12. A device for generating animations of biological clusters, characterized in that, include: A response module is used to respond to a target animation generation instruction, determine the target virtual biological cluster to which the target animation generation instruction is directed, and the motion logic that the target virtual biological cluster needs to execute in the cluster animation, wherein the target virtual biological cluster includes multiple biological individuals; The determination module is used to determine a pre-made target biological individual model and multiple animation resources corresponding to the target biological individual model, wherein each animation resource is used to display the action performance of the biological individual when it is in a corresponding behavioral state, and the biological individual includes multiple behavioral states; The first generation module is used to generate vertex texture animation of the target biological individual model based on the multiple animation resources; The second generation module is used to generate a particle cluster that moves in the virtual scene according to the motion logic based on the particle system, wherein the particle cluster includes multiple particle objects and the particle cluster corresponds to the target virtual biological cluster. The calculation module is used to calculate the real-time motion state of each particle object in the particle swarm and determine the target behavior state that matches the real-time motion state from the multiple behavior states of the biological individual. The rendering module is used to render and generate a cluster animation corresponding to the target virtual biological cluster based on the target behavior state corresponding to each particle object and the vertex texture animation of the target biological individual model.

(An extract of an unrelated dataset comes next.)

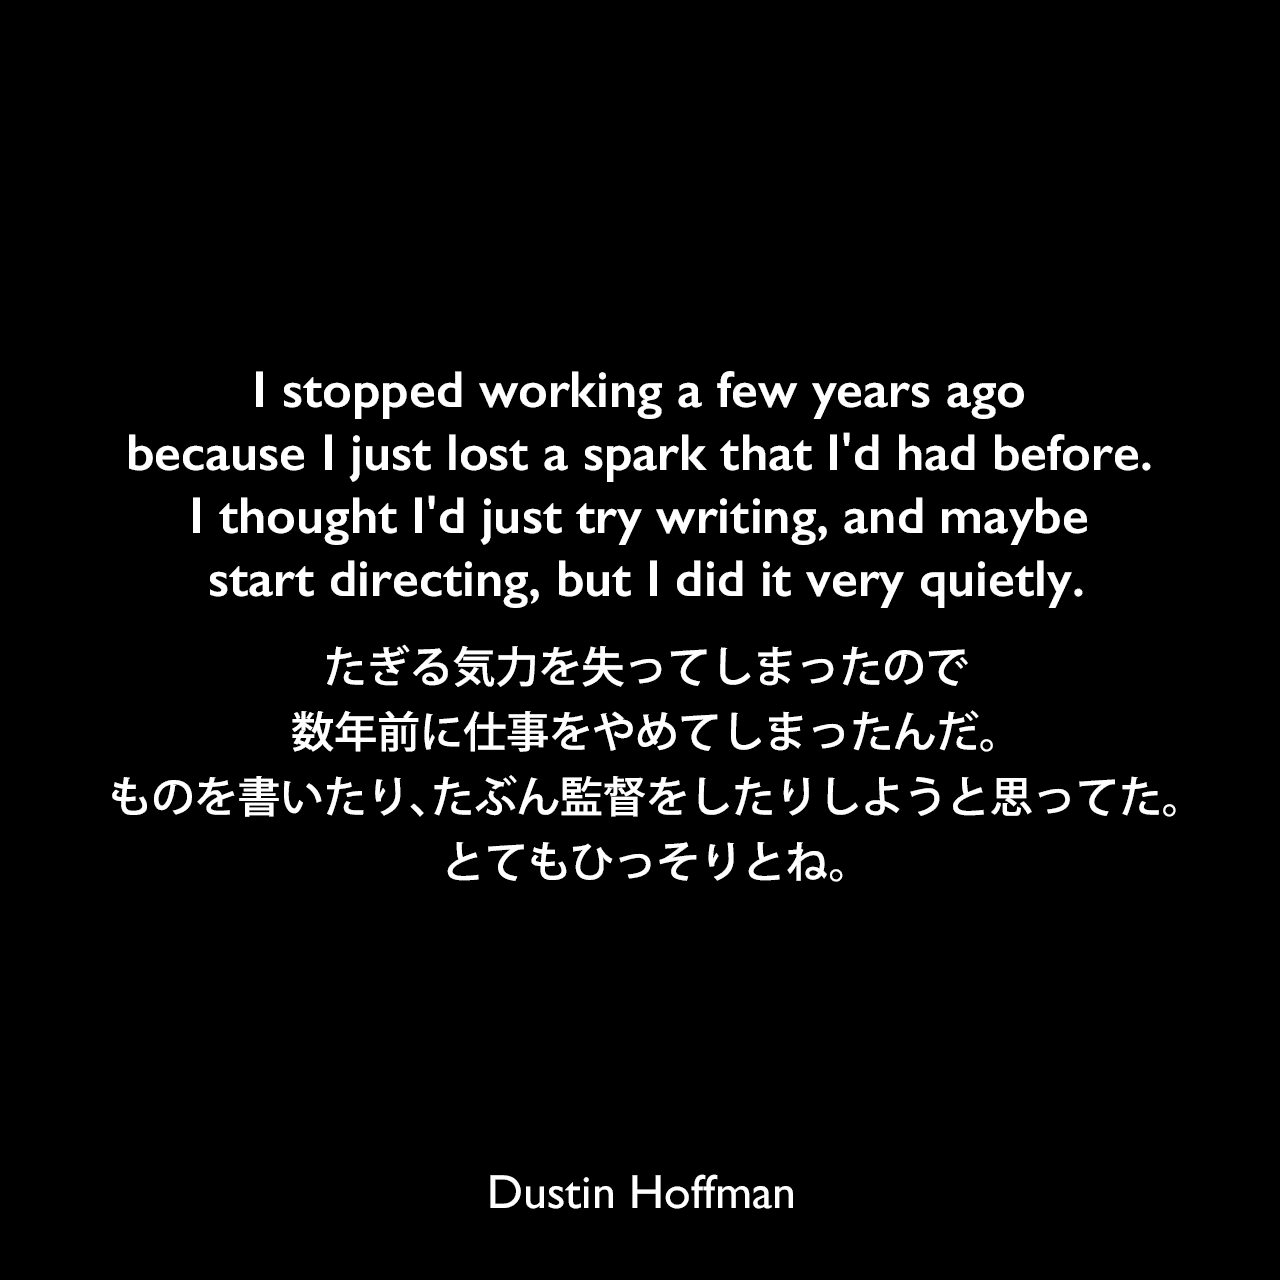 I stopped working a few years ago because I just lost a spark that I'd had before. I thought I'd just try writing, and maybe start directing, but I did it very quietly.たぎる気力を失ってしまったので、数年前に仕事をやめてしまったんだ。ものを書いたり、たぶん監督をしたりしようと思ってた。とてもひっそりとね。Dustin Hoffman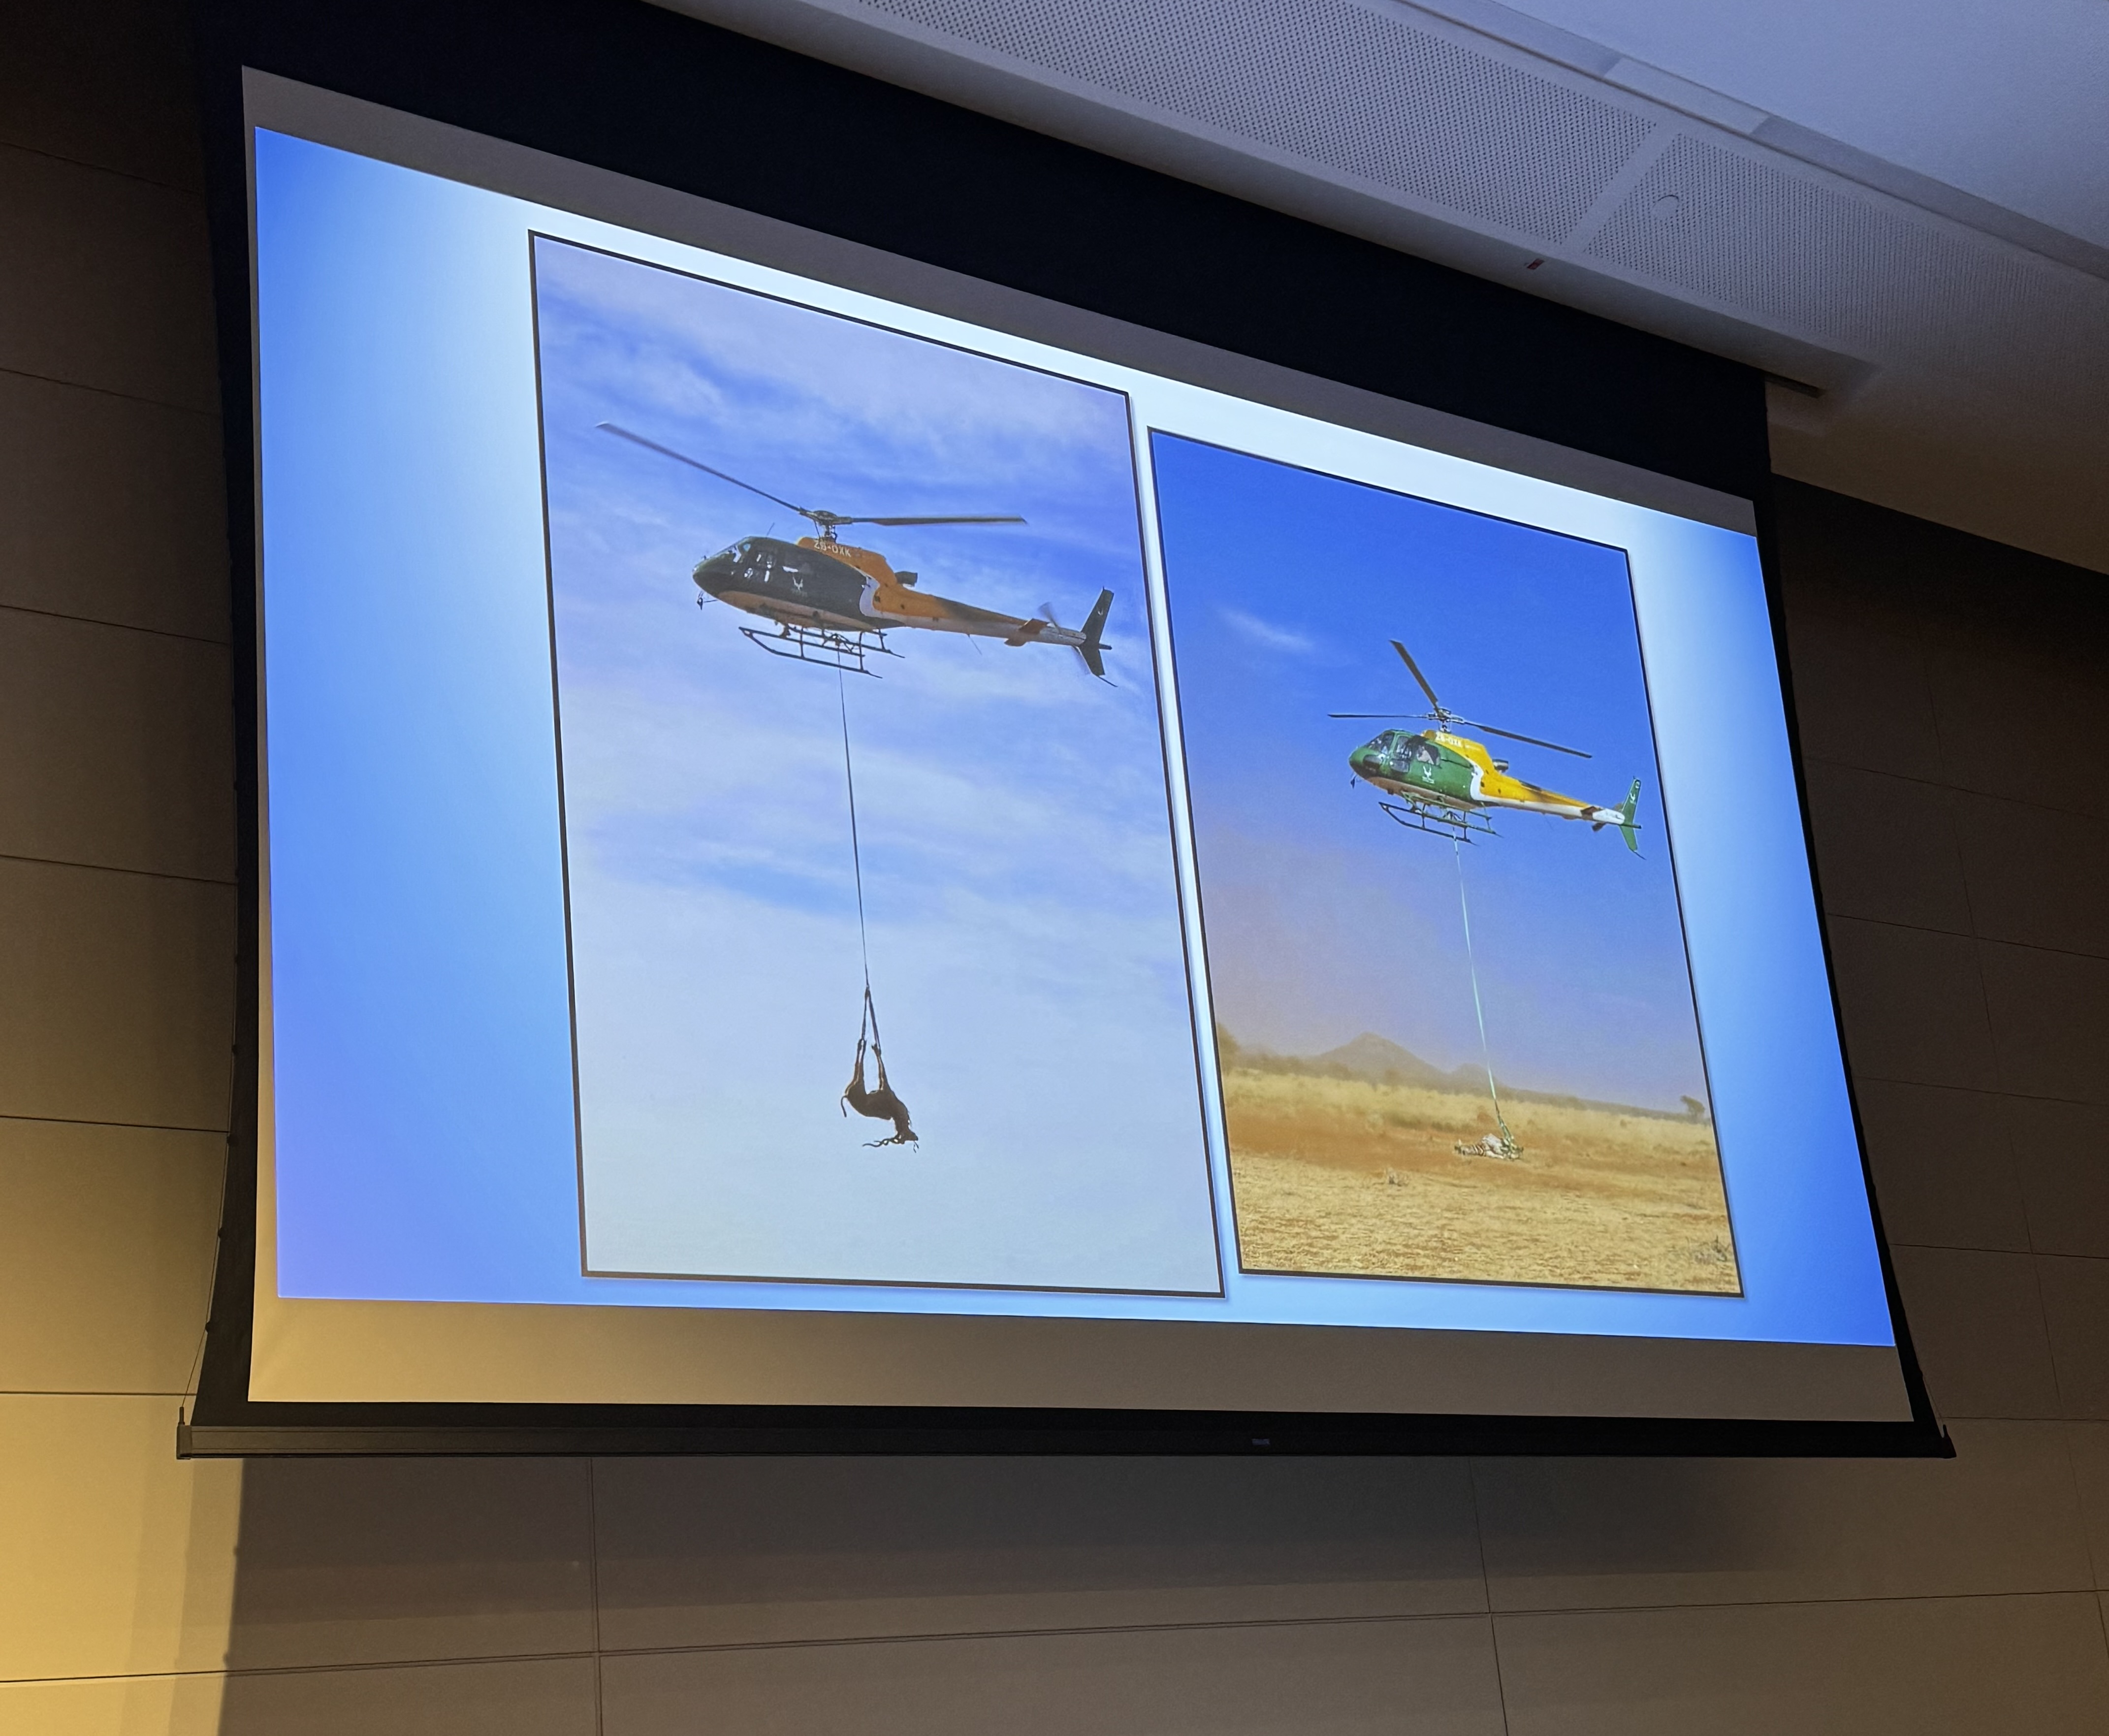 A slide from the Markus Hofmeyr lecture showing wildlife translocation using helicopters.

13. An electronic device, characterized in that, include: The device includes a processor, a storage medium, and a bus, wherein the storage medium stores machine-readable instructions executable by the processor, and when the electronic device is running, the processor communicates with the storage medium via the bus, and the processor executes the machine-readable instructions to perform the steps of the method for generating biological cluster animation as described in any one of claims 1-11.

14. A computer-readable storage medium, characterized in that, The computer-readable storage medium stores a computer program that, when executed by a processor, performs the steps of the method for generating biological cluster animation as described in any one of claims 1-11.